Старик приглашает меня рукой, и я медленно дрейфую за ним. Мне всё ещё кажется, что здесь что-то не так. Но любопытство и желание лёгкой добычи берут вверх над здравым смыслом.

Хромой медленно ковыляет среди закоулков пыльного города. Его несуразные лохмотья, сальные и грязные, скрывают очень тяжёлую травму. С каждым шагом старик заваливается налево, будто у него одна нога короче другой. Или одной ноги вовсе нет: о землю глухо стучит неудачно сколоченный протез. И левая рука беспомощной плетью висит на костыле. Как он выжил?

Нам иногда встречаются люди, такие же безликие, серые призраки. Они не обращают на нас внимания – плывут себе, угасающие декорации. Калека доходит до своего убогого жилища: сохранившийся угол кирпичного здания сверху закрыт досками; с одной стороны привален кусок плиты, с другой – вход, завешан тряпками.
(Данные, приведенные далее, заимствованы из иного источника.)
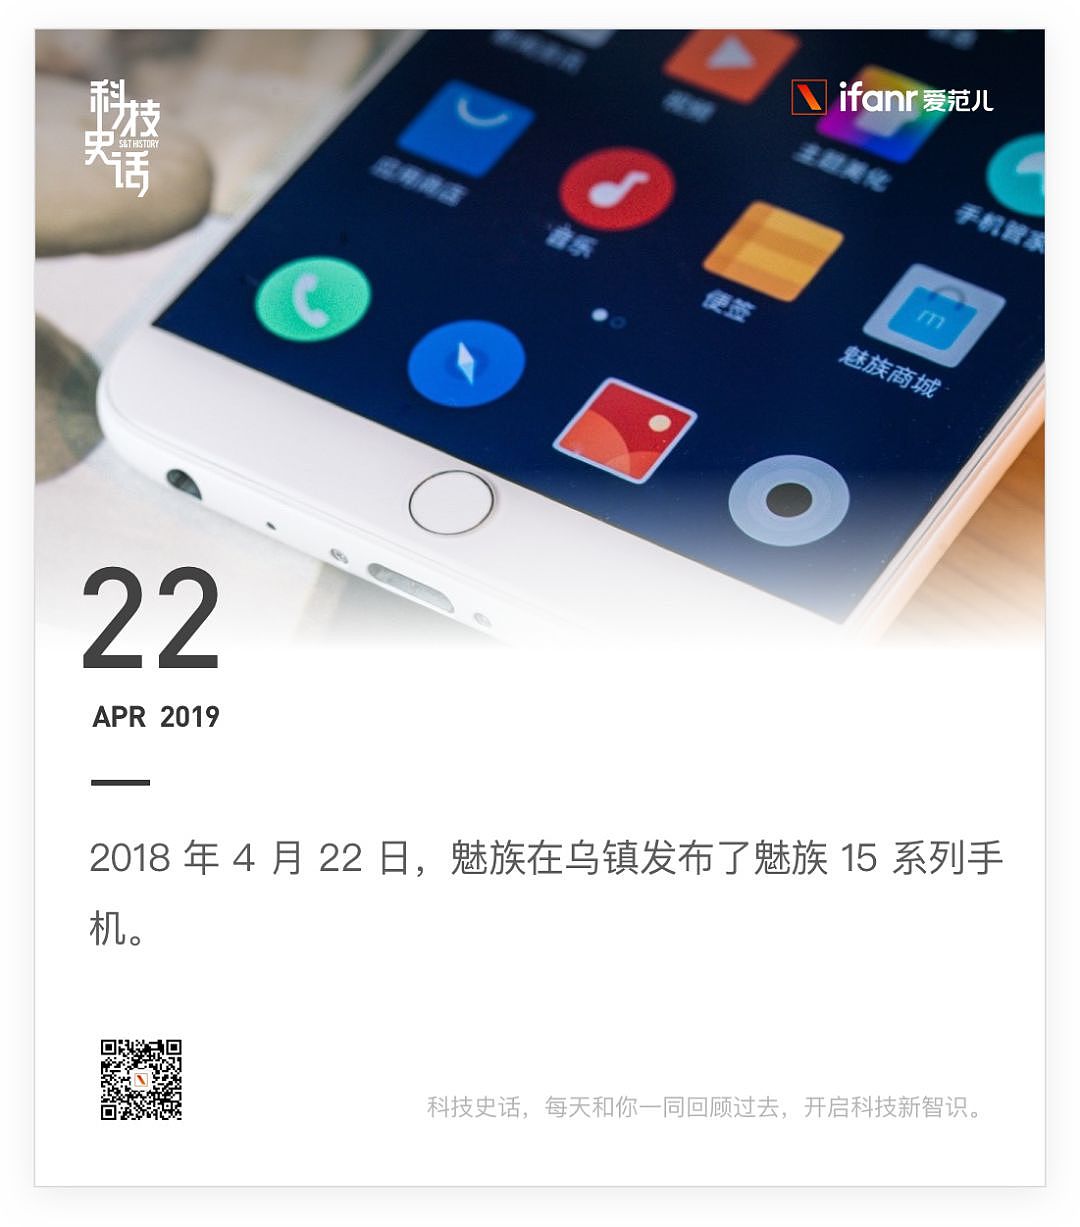 三星折叠屏手机中国发布会取消 /《复联 4》预售破 5 亿 / 星巴克将从沪深停供塑料吸管 - 29

Калека, кряхтя, поднимает брезент и приглашает меня. Я медлю, озираясь. Старик вновь щеголяет своей беззубой улыбкой и говорит, что здесь бояться нечего: в городе сейчас пара десятков постояльцев и цыгане на менах. Каннибалов и прочих сюда не заносит. Слишком ещё северно, да и иные рядом появились. Вспоминаю, что видел, как строились войска одного из ближайших ковчегов. Вспоминаю, но не говорю.
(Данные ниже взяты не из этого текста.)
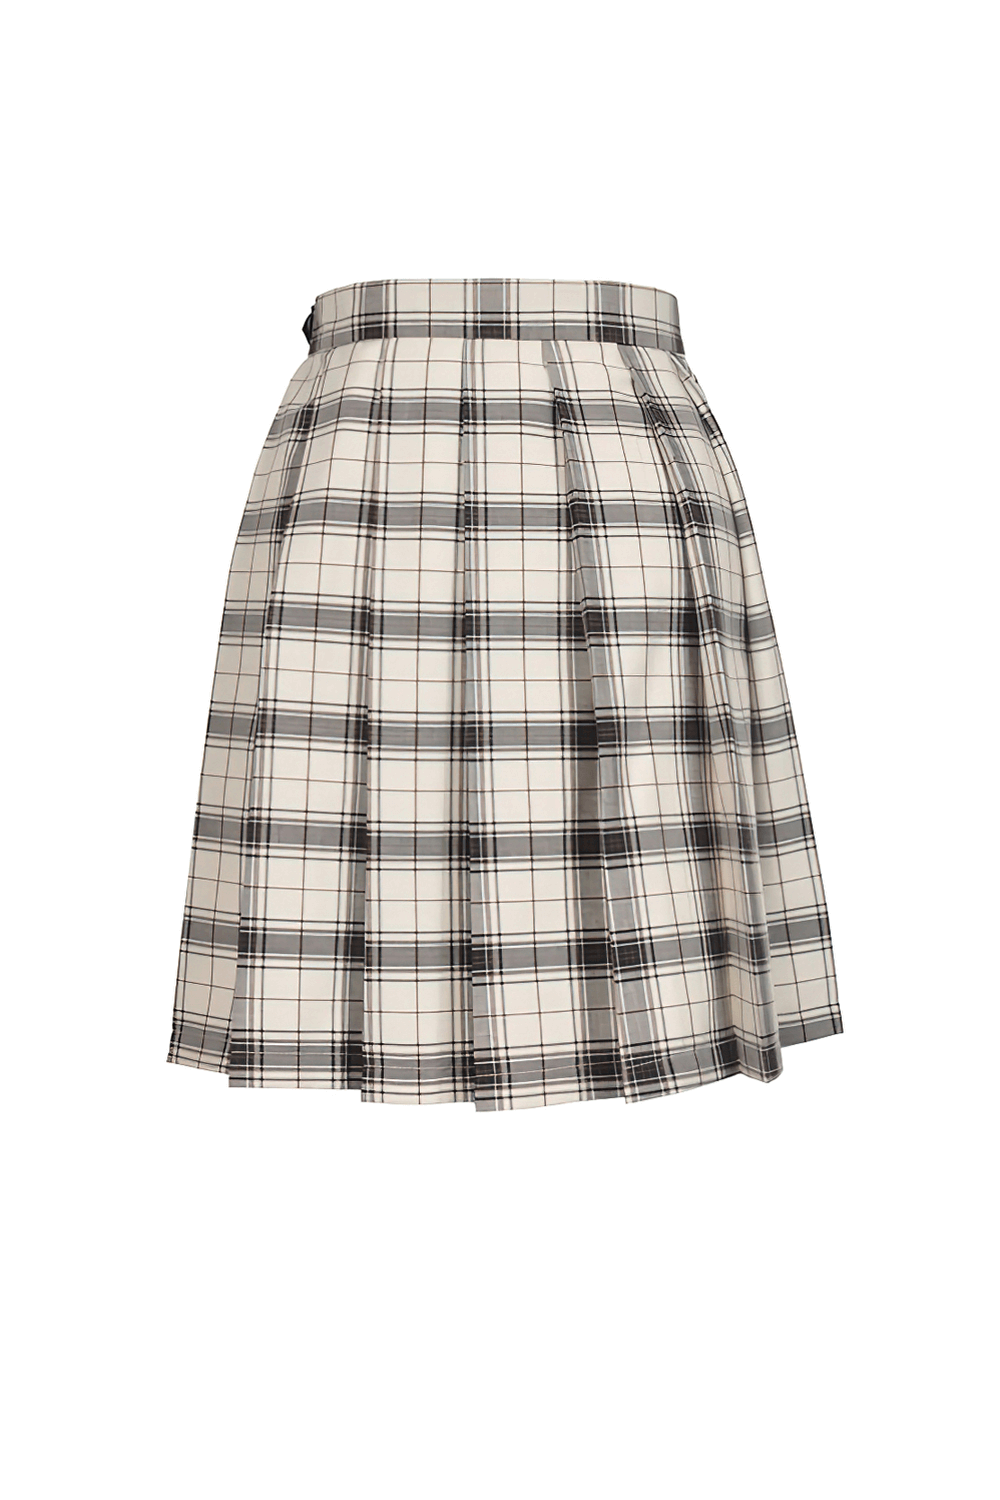 Edgy Plaid Asymmetrical Skirt with Bold Buckles

Жду ещё минуту и расцепляю магниты. Мотоцикл грузно опускается на землю, но я уже привык, удерживаюсь. Проверяю, плотно ли закрыт бак, убираю ключ зажигания в карман и иду за стариком. Захожу в дом, снимаю очки, держу на пистолете руку. Оружие спрятано хорошо, его не видно, но легко достать. На удивление у калеки дома и правда – никого. Небольшое окно в сохранившейся стене затянуто мутной плёнкой, подле окна – кривой стол. У стола – три разношёрстных табурета. На столе – топливная лампа. Она похожа на те, что раньше именовались керосиновыми. В углу, на полу, – груда тряпок. По-видимому, постель. Пол кое-где прикрыт лоскутами мешковины, рядом с «постелью» – два массивных ящика, сколоченных из досок, пластика и даже каких-то металлических пластин. Старик говорит, чтобы я не стеснялся и садился за стол. Он меня примет как гостя. Я нерешительно соглашаюсь и думаю о том, какой он удивительный человек. Если меня, по моей же глупости, сейчас не превратят в отбивную, то его гостеприимство я отнесу на полку к тем чудесам, где у меня хранятся первые настоящие звёзды, первый настоящий закат и первый настоящий рассвет.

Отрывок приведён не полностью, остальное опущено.